Alcohol-Attributable Fractions (AAF)
100% Alcohol-Attributable Conditions
Certain causes of death are, by definition, caused by alcohol consumption. These deaths are classified as being 100% alcohol-attributable and are reported in ARDI as having an AAF of 1.00. The following 13 chronic causes of death are listed as 100% alcohol-attributable in ARDI: alcoholic psychosis, alcohol abuse, alcohol dependence syndrome, alcohol polyneuropathy, degeneration of the nervous system due to alcohol use, alcoholic myopathy, alcohol cardiomyopathy, alcoholic gastritis, alcoholic liver disease, alcohol-induced acute pancreatitis, alcohol-induced chronic pancreatitis, fetal alcohol syndrome, and fetus and newborn issues caused by maternal alcohol use. Two acute causes of death are 100% alcohol-attributable: alcohol poisoning and suicide by and exposure to alcohol.
Directly Measured AAF
For some causes of death, especially acute causes (e.g., injuries), ARDI uses direct estimates of AAF. These direct estimates are based on scientific studies that have directly measured the relationship between excessive alcohol use and a given health outcome. These estimates typically come from follow-up studies that included information obtained from medical record reviews, interviews with next-of-kin, or some combinations of these, that have directly assessed a decedent’s pattern of alcohol consumption, or from studies that have assessed the proportion of people dying from a particular alcohol-attributable condition that had a blood alcohol concentration (BAC) above a specified level (e.g., 100 mg/dL, or 0.10 g/dL).
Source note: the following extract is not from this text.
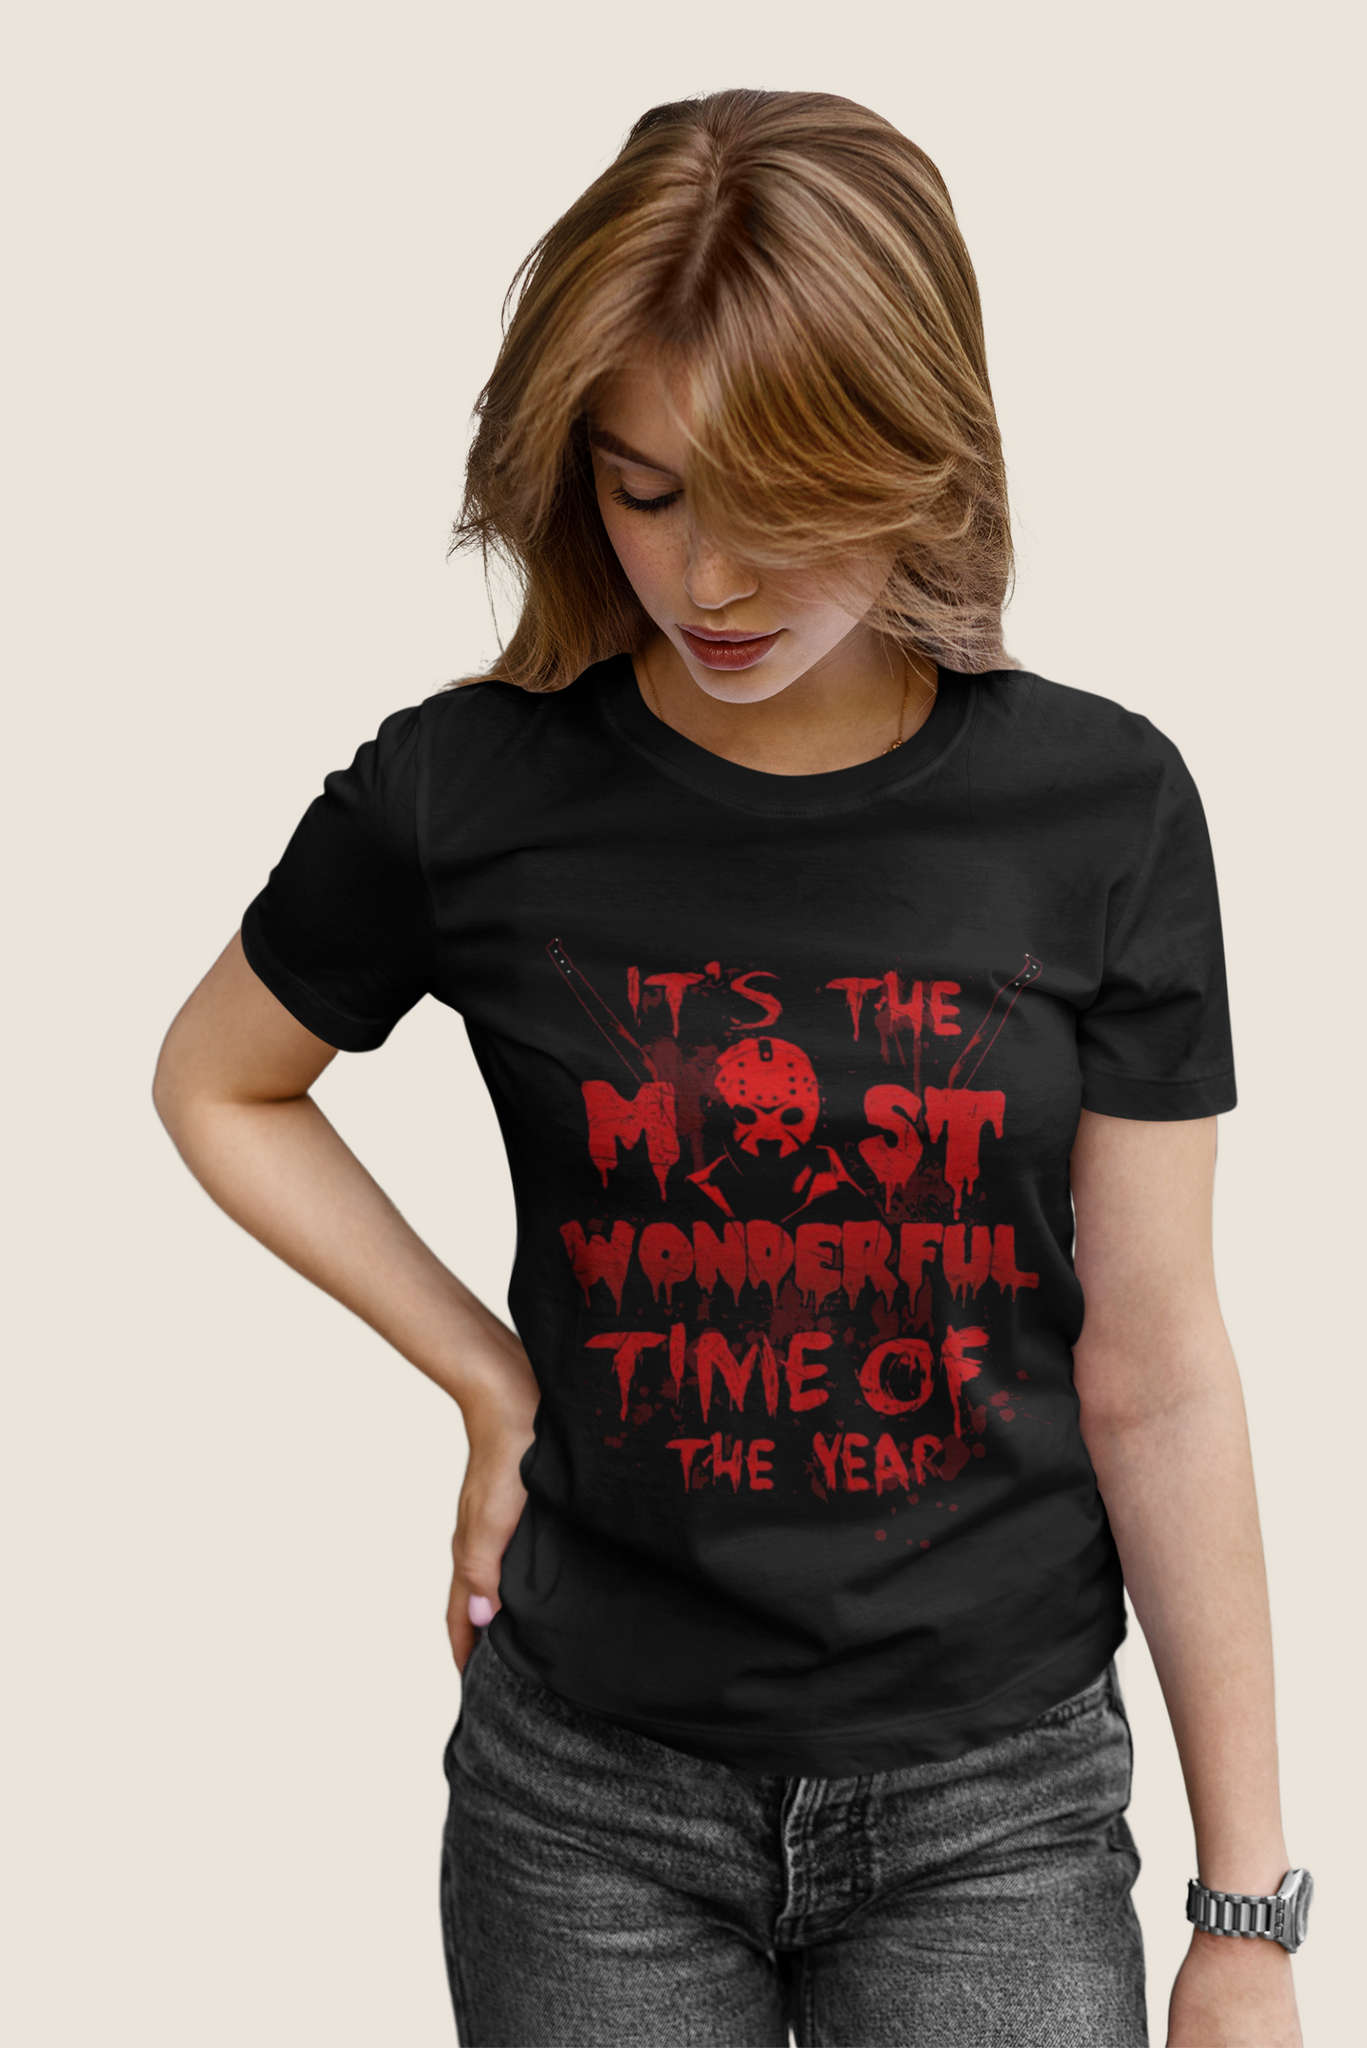 Friday 13th T Shirt, Jason Voorhees Shirt, Its The Most Wonderful Time Of The Year T Shirt, Halloween Gifts

The chronic conditions that are assessed using direct estimates of AAF include esophageal varices, gastroesophageal hemorrhage, liver cirrhosis unspecified, and portal hypertension. The AAF for esophageal varices and portal hypertension was calculated by summing all alcoholic liver cirrhosis deaths and 40% of the unspecified liver cirrhosis deaths1 and chronic hepatitis not elsewhere classified deaths, and then dividing that by the sum of total cirrhosis deaths (that is, all alcoholic liver cirrhosis deaths; all unspecified liver cirrhosis deaths; and all chronic hepatitis not elsewhere classified deaths).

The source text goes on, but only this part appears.